In short, measuring performance is not easy. But recent years have seen major advances in developing models that can cope with this complexity increasingly well. Luckily, moreover, many are publishing their numbers online and are sharing their insights with others in the analytics community.
In this article I am looking at some of the most well-known models from @Goalimpact, @11tegen11, @MC_of_A (Michael Caley), @soccermetric (Chad Murphy) as well as Infostrada’s @EuroClubIndex, which also uses Elo data, and a different sort of measurement in terms of betting data, compiled by @OmarChauduri. Again, I am grateful for having their data available here and I encourage all readers to look up the linked twitter accounts and websites for further information.
[I can also highly recommend this StatsBomb article by Constantinos Chappas comparing even more models, visualising very well the probability curves for each Premier League club.]
For a start, the tables below summarise all the current predictions:
A first glance across these 6 tables already reveals a great deal of shared predictions. All have Arsenal at 1st and Man City at 2nd, albeit mostly at small margins. All have the same trio of Aston Villa, Sunderland and Newcastle at the bottom destined for relegation.
For more detail, the overview below compares all rank predictions and calculates a median and mean for each team.
Some rank predictions are perfectly in unison: Arsenal (1st), Man City (2nd), Liverpool (6th) at the top and Aston Villa (20th), Sunderland (19th), Newcastle (18th) at the bottom are identical across all six models. The battle for the two remaining Champions League places (3rd and 4th) is intense, however, and leads to some diverging forecasts: four models have Spurs at 3rd place, while the other two put them at 5th. Likewise, Leicester and Man Utd could be either 3rd or 5th, depending on which model you consult. In short, as the colour-coded table below illustrates, the top 8 teams are usually the same, but ranks 3 to 5 remain too close to call.
Ultimately, at the end of the season, ranks are all that matters to clubs and their fans. However, comparing points can give a more detailed view of the gap between teams. This overview summarises all points predictions from our six models:
A rule of thumb says that 80 points are the required minimum to win the Premier League; in recent years, the points total was often even higher. This year, however, appears to be a rather low-points season. Most models predict the champion to win with just 77 or 78 points, Goal Impact even just above 75 points. On the other hand, eventual league champions often hit form during the later parts of the season; and therefore the points total might still reach 80 points or above.

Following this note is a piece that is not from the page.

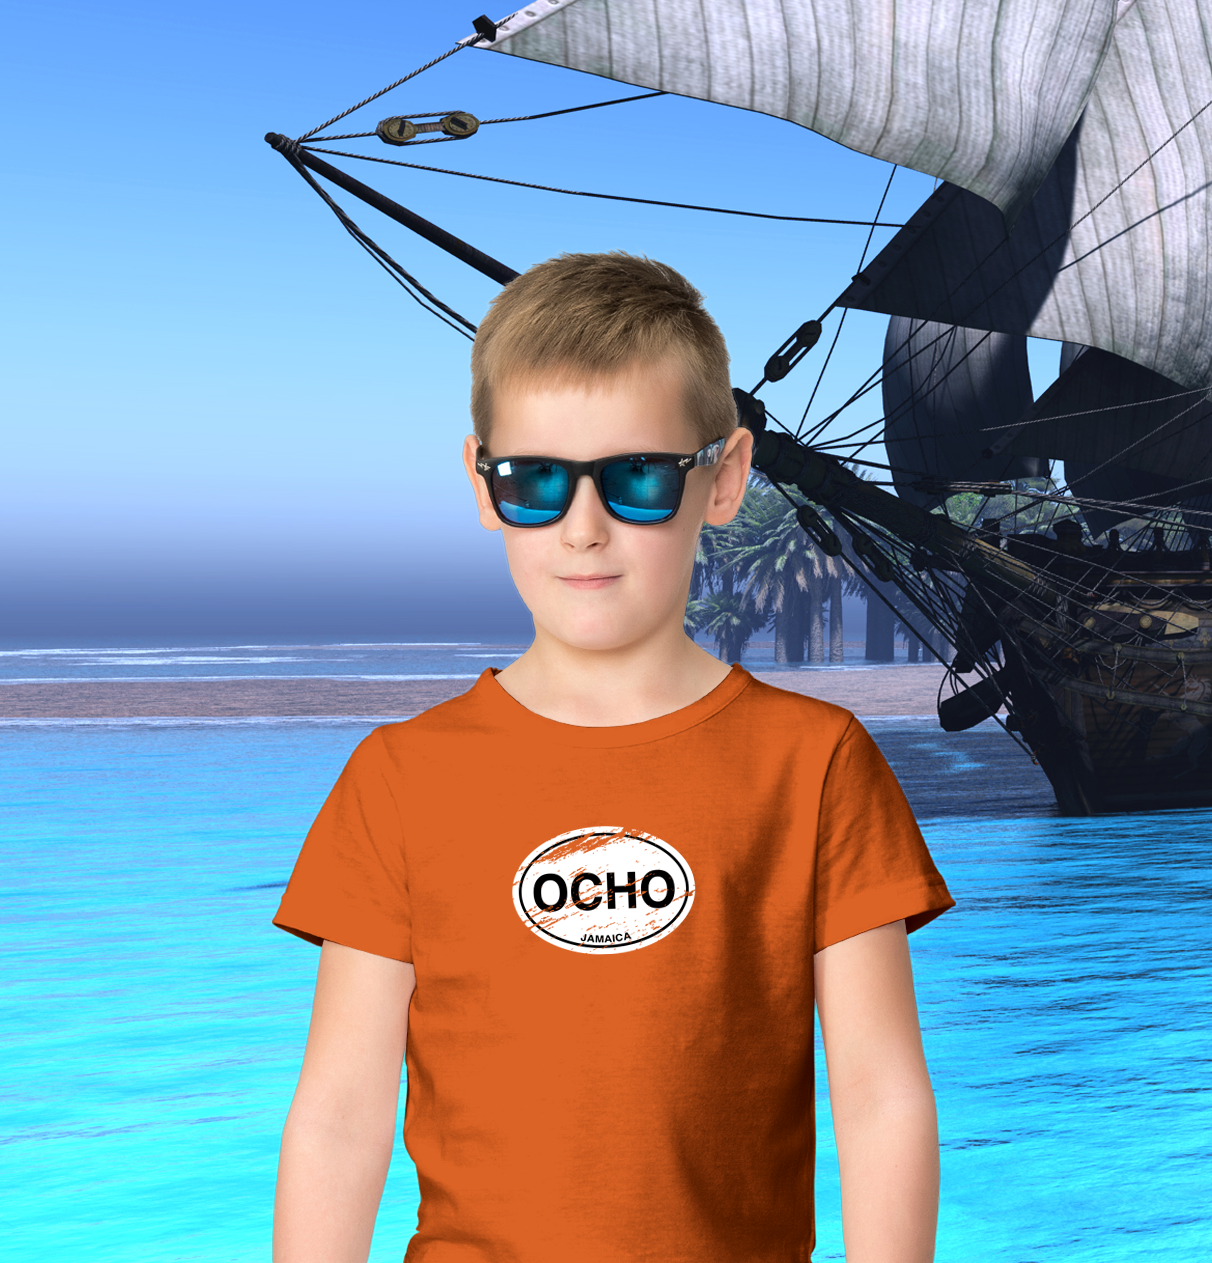 Ocho Rios Classic Youth T-Shirt - My Destination Location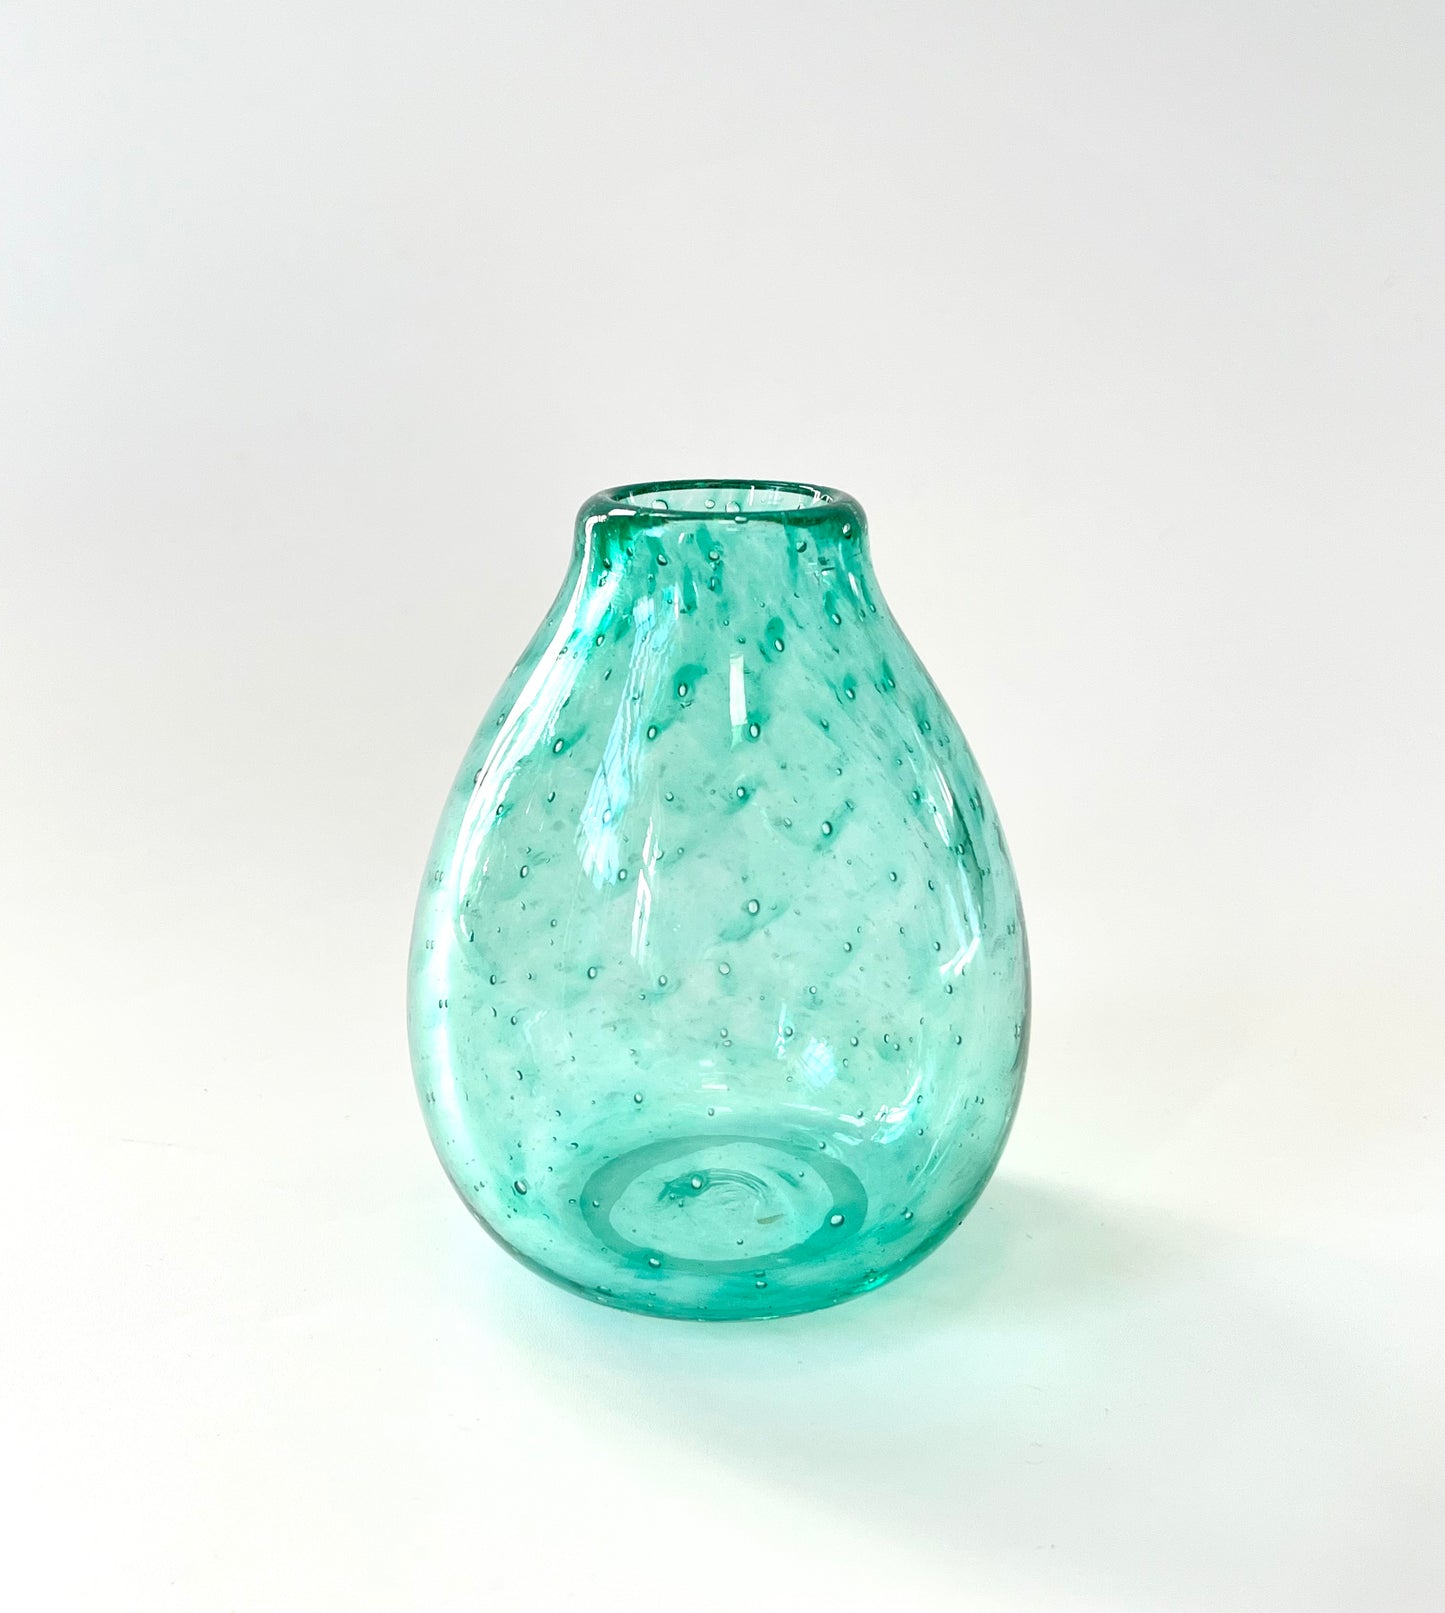 Handblown Glass Diffuser/Vase - Aqua

The chart below shows the median points prediction of the six models used here and makes it easier to identify different clusters.
The title race will be decided, in all likelihood, between Arsenal and Man City. Tottenham, Man Utd and Leicester might have an outsider chance, if they suddenly find exceptionally great form. More likely, Spurs, United and Leicester will be in a very tight battle for Champions League qualification. Liverpool and, although rather unlikely, maybe even Chelsea have a small outsider’s chance to get into the top four. Aston Villa look almost certain to be relegated. Sunderland and Newcastle need something of a miracle. Swansea, Bournemouth and Norwich are most threatened if Newcastle or Sunderland suddenly start winning streaks. West Brom should be okay. The rest are mid-table teams, safe from relegation but also not good enough for Champions League qualification: West Ham, Crystal Palace, Everton, Stoke, Watford (!) and Southampton.
* * *
The first part of this article looked at past results (such as Last 38 games) while the second part focused on performance models. To conclude, let’s compare them all. I start by looking at Arsenal.
The chart below gives us 11 different points predictions for Arsenal: the current table extrapolated, the comparison of same fixtures, the Last 38, 58, 96 games for longer trends, the models of 11tegen11, Goal Impact, Michael Caley, Chad Murphy, Euro Club Index and betting markets. The solid red line shows Arsenal’s median prediction (78 points).
Overall, most predictions are rather similar. As noted before, only the Last 38 table proves a major outlier in Arsenal’s case. Arsenal’s current table position extrapolated is a little bit higher than most forecasts. Goal Impact’s model starts off with a slightly lower points total, but Arsenal is 1st in its model too.
The two charts below are now showing the same data in comparison between Arsenal and Man City.
Man City’s median prediction (76 points) is 2 points lower than Arsenal’s. City’s data points also exhibit greater variation: its Last 38 prediction is suspiciously low, whereas the long-term Last 96 games table is significantly higher. Is this just a temporary slump for City, or a fundamental shift downwards? We will know the answer at the end of the season... Also noteworthy is that Chad Murphy’s model is particularly pessimistic about City.
Another way to illustrate these variations is to look at the points difference between Arsenal and City, as in the chart below.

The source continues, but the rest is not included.